[Prompt]
Without the images, reproduce each line of the material exactly.

[Provided data]

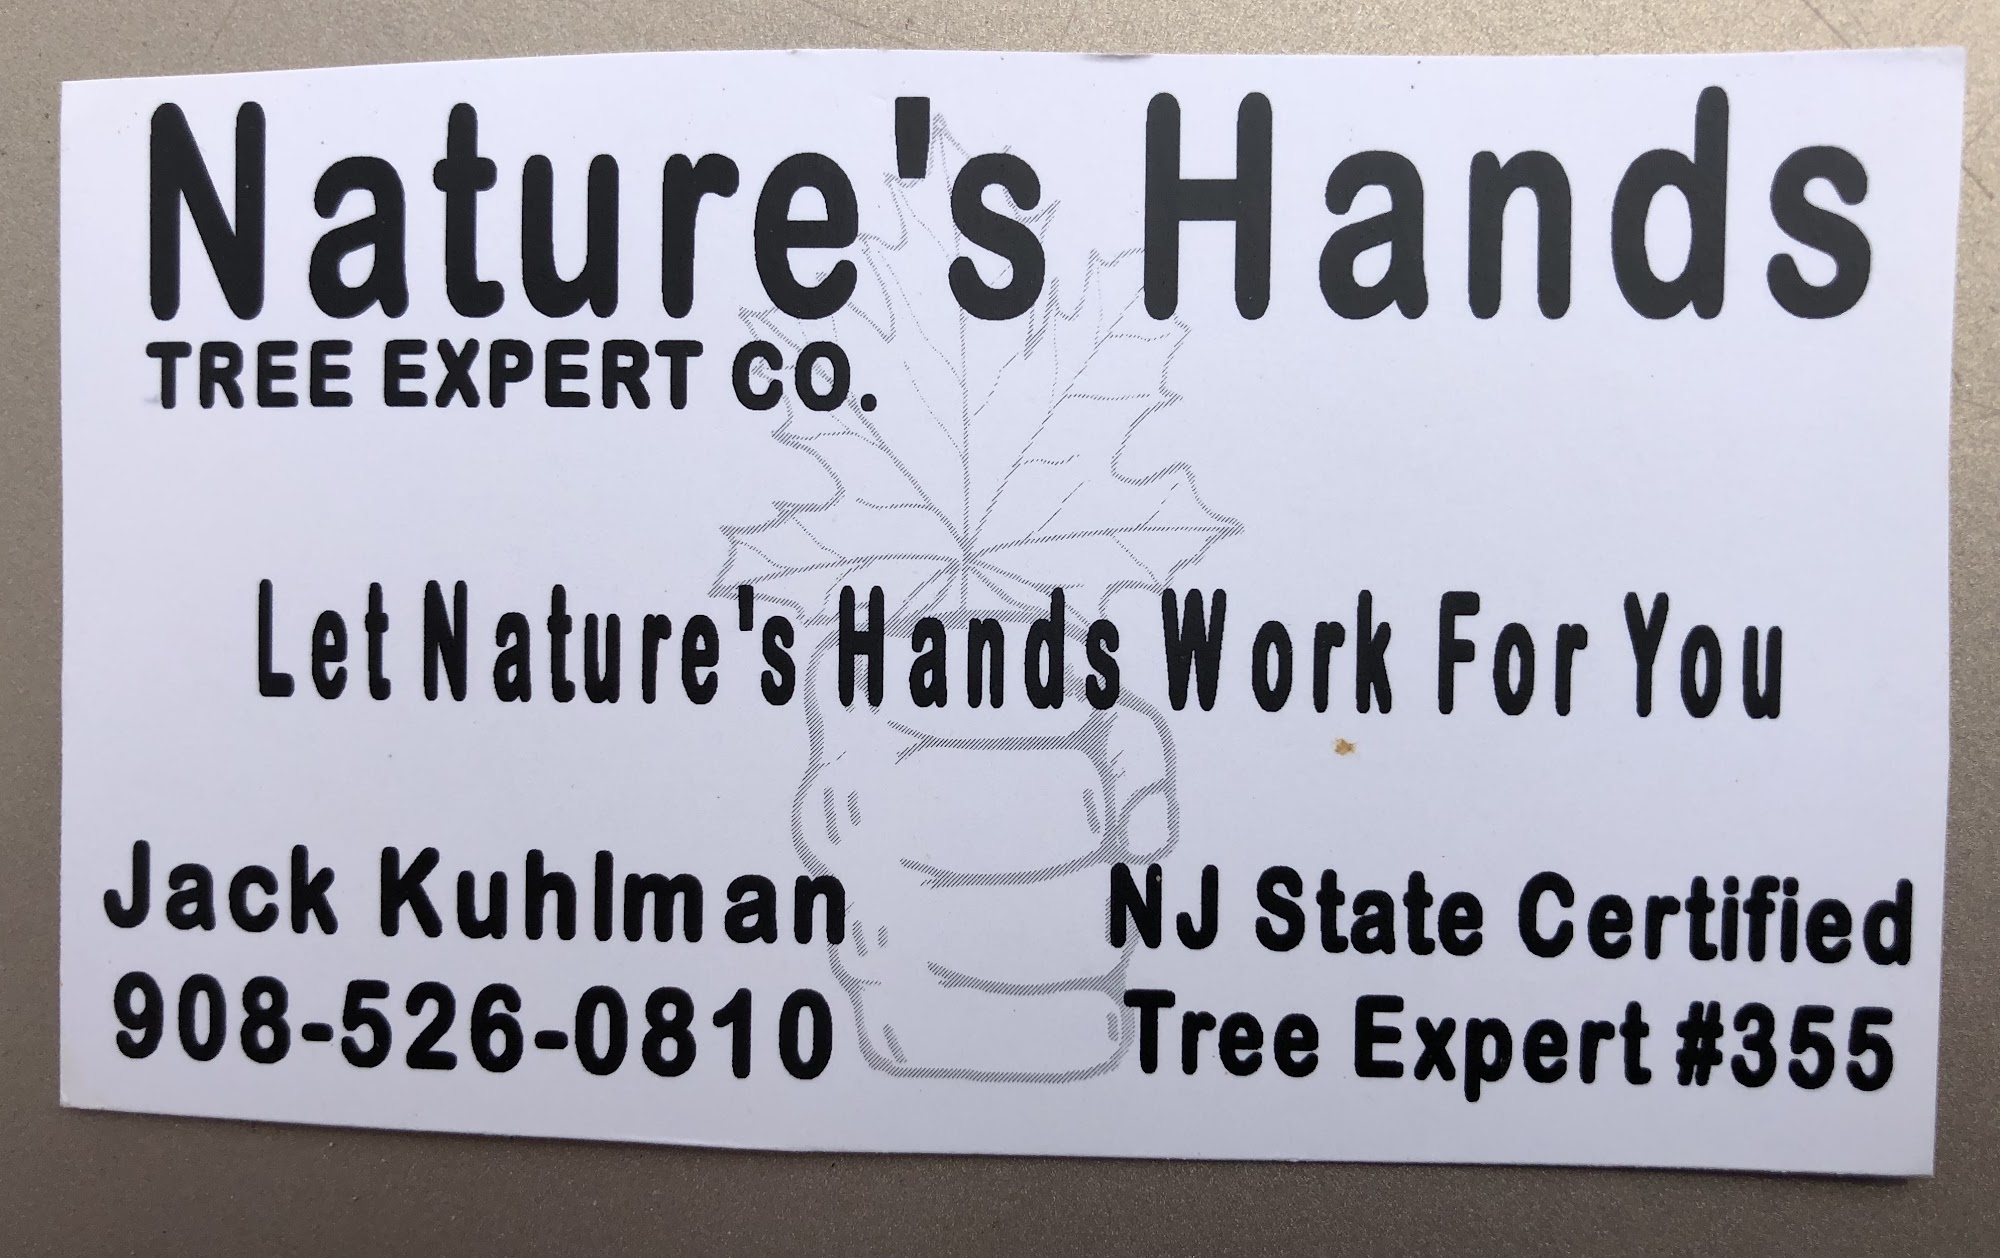 Nature’s Hands Tree Experts
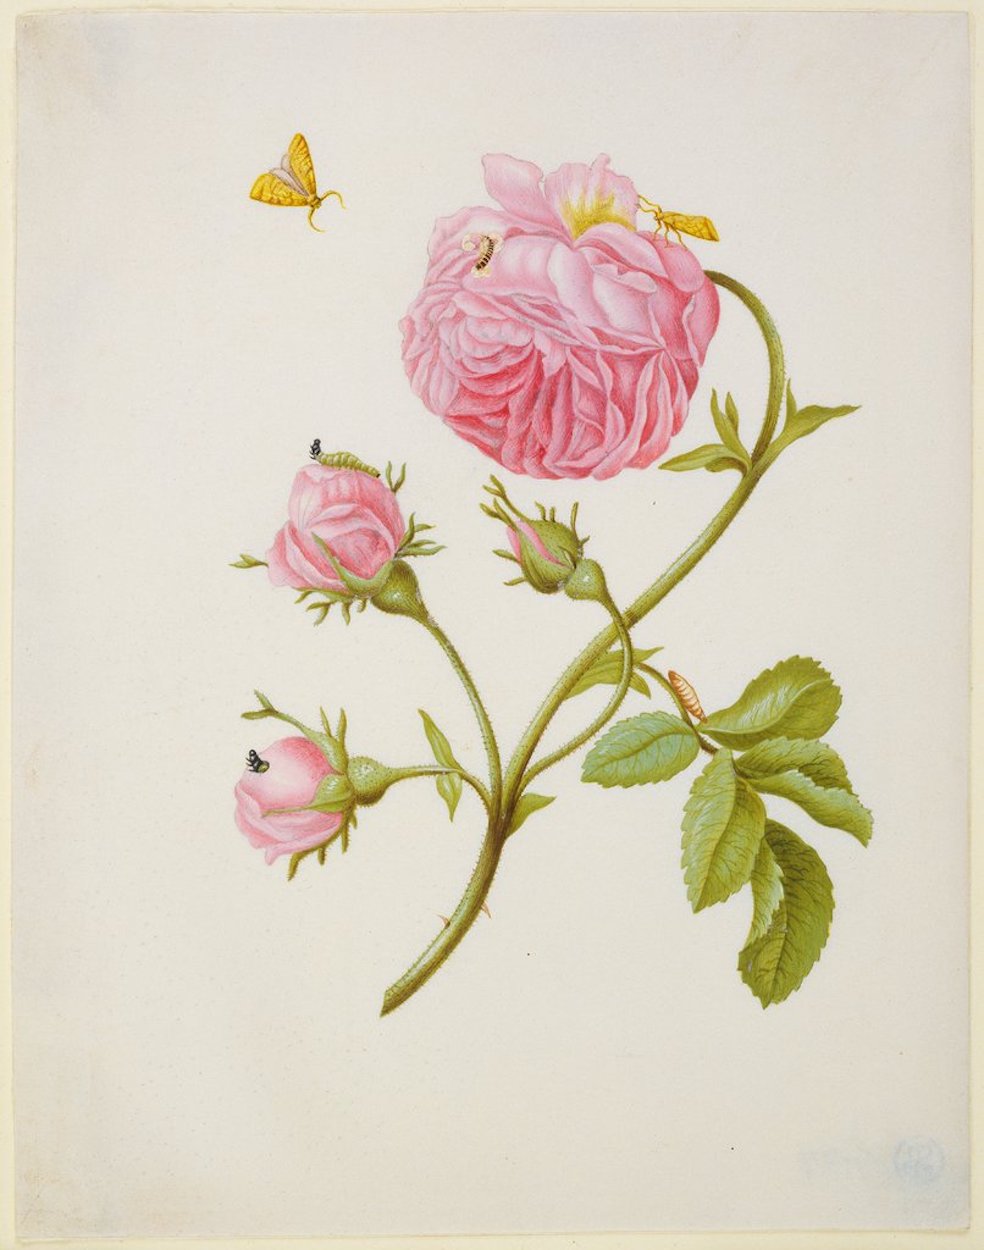 Rose with Metamorphosis of Leaf Roller and a Glued Beetle Larva by Maria Sibylla Merian - after 1679 - 18.8 x 14.6 cm Städel Museum
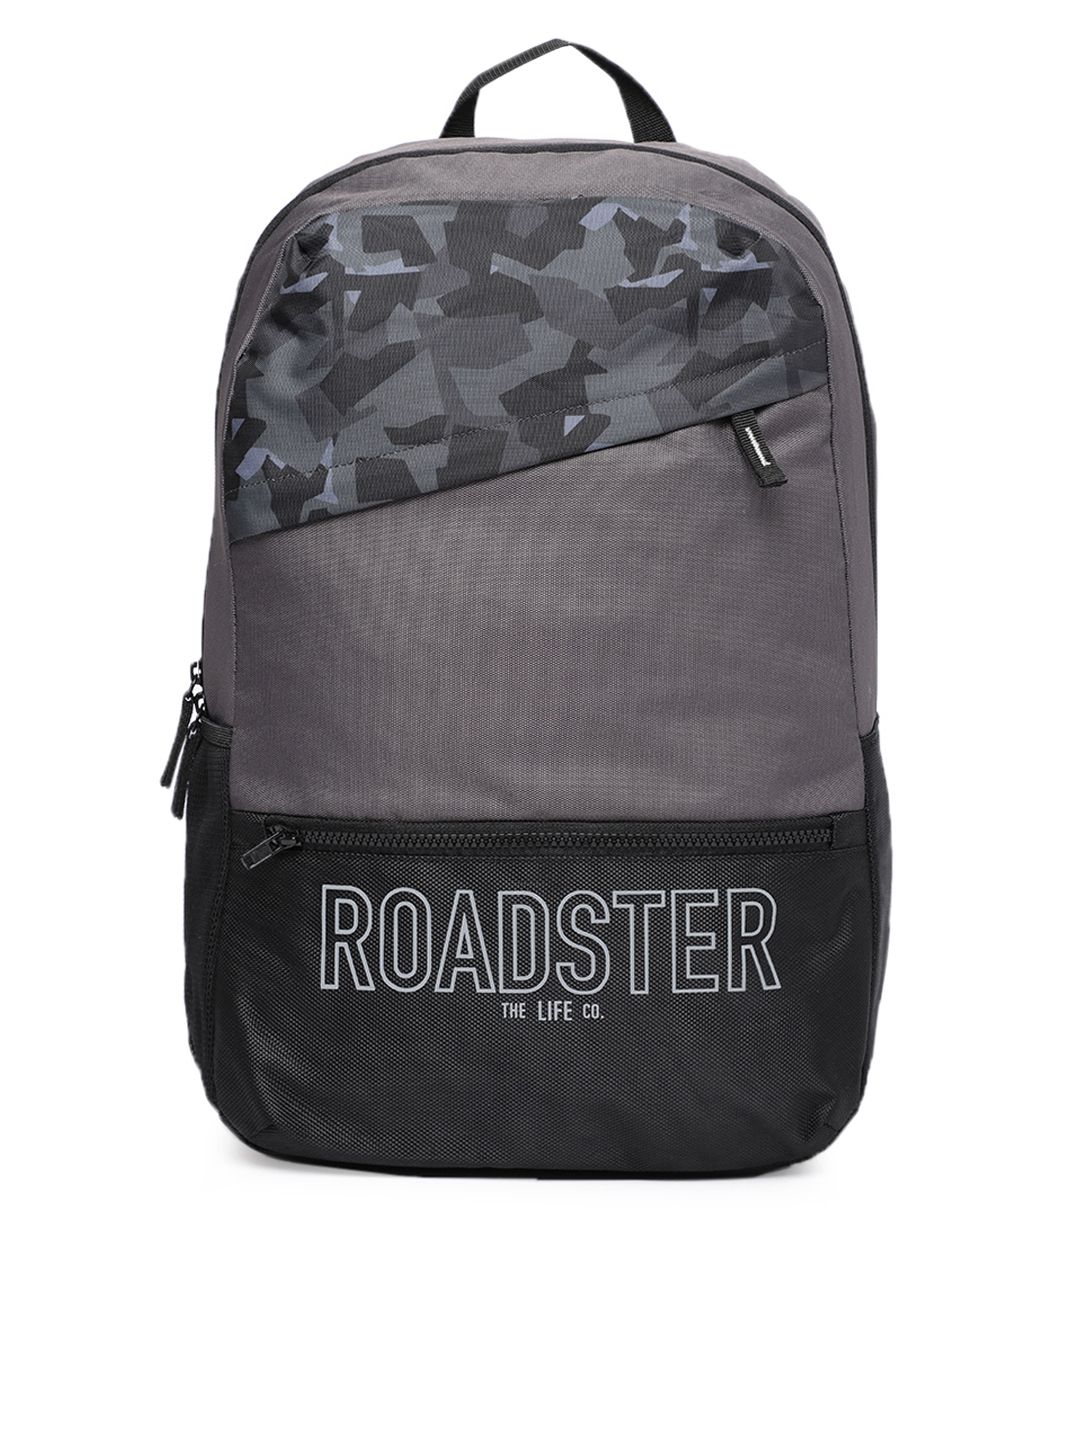 Roadster Unisex Grey Graphic Backpack Price in India
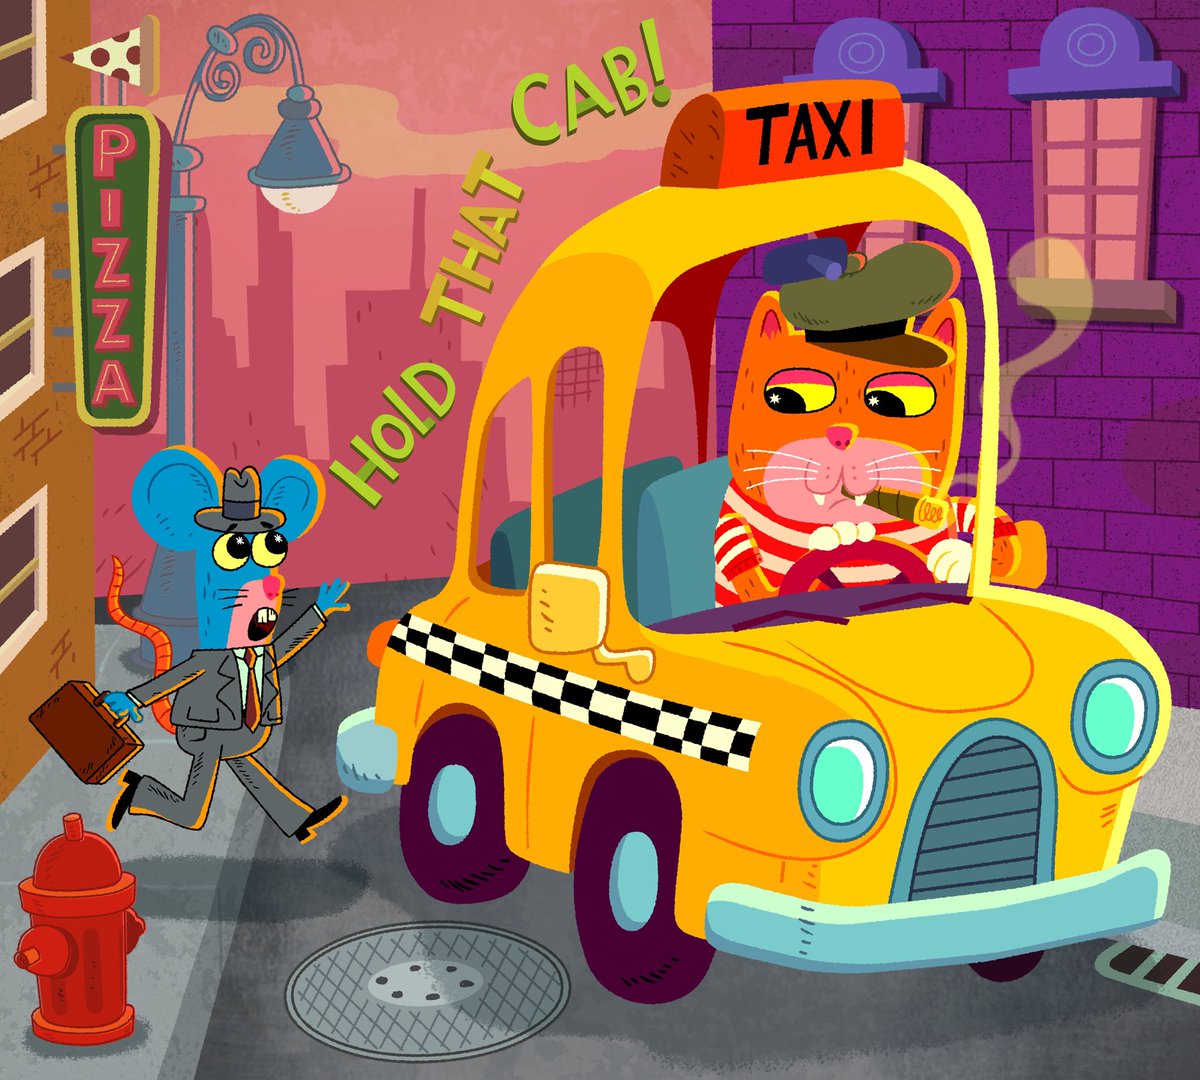 In the days before Uber and Lyft, hailing a cab used to feel like such an accomplishment in the city. #childrenillustration #childrensbooks #kidlitart #illustration #taxi #childrenspublishing #kidlit

[Task answer]
 Nature’s Hands Tree Experts
 Rose with Metamorphosis of Leaf Roller and a Glued Beetle Larva by Maria Sibylla Merian - after 1679 - 18.8 x 14.6 cm Städel Museum
 Roadster Unisex Grey Graphic Backpack Price in India
 In the days before Uber and Lyft, hailing a cab used to feel like such an accomplishment in the city. #childrenillustration #childrensbooks #kidlitart #illustration #taxi #childrenspublishing #kidlit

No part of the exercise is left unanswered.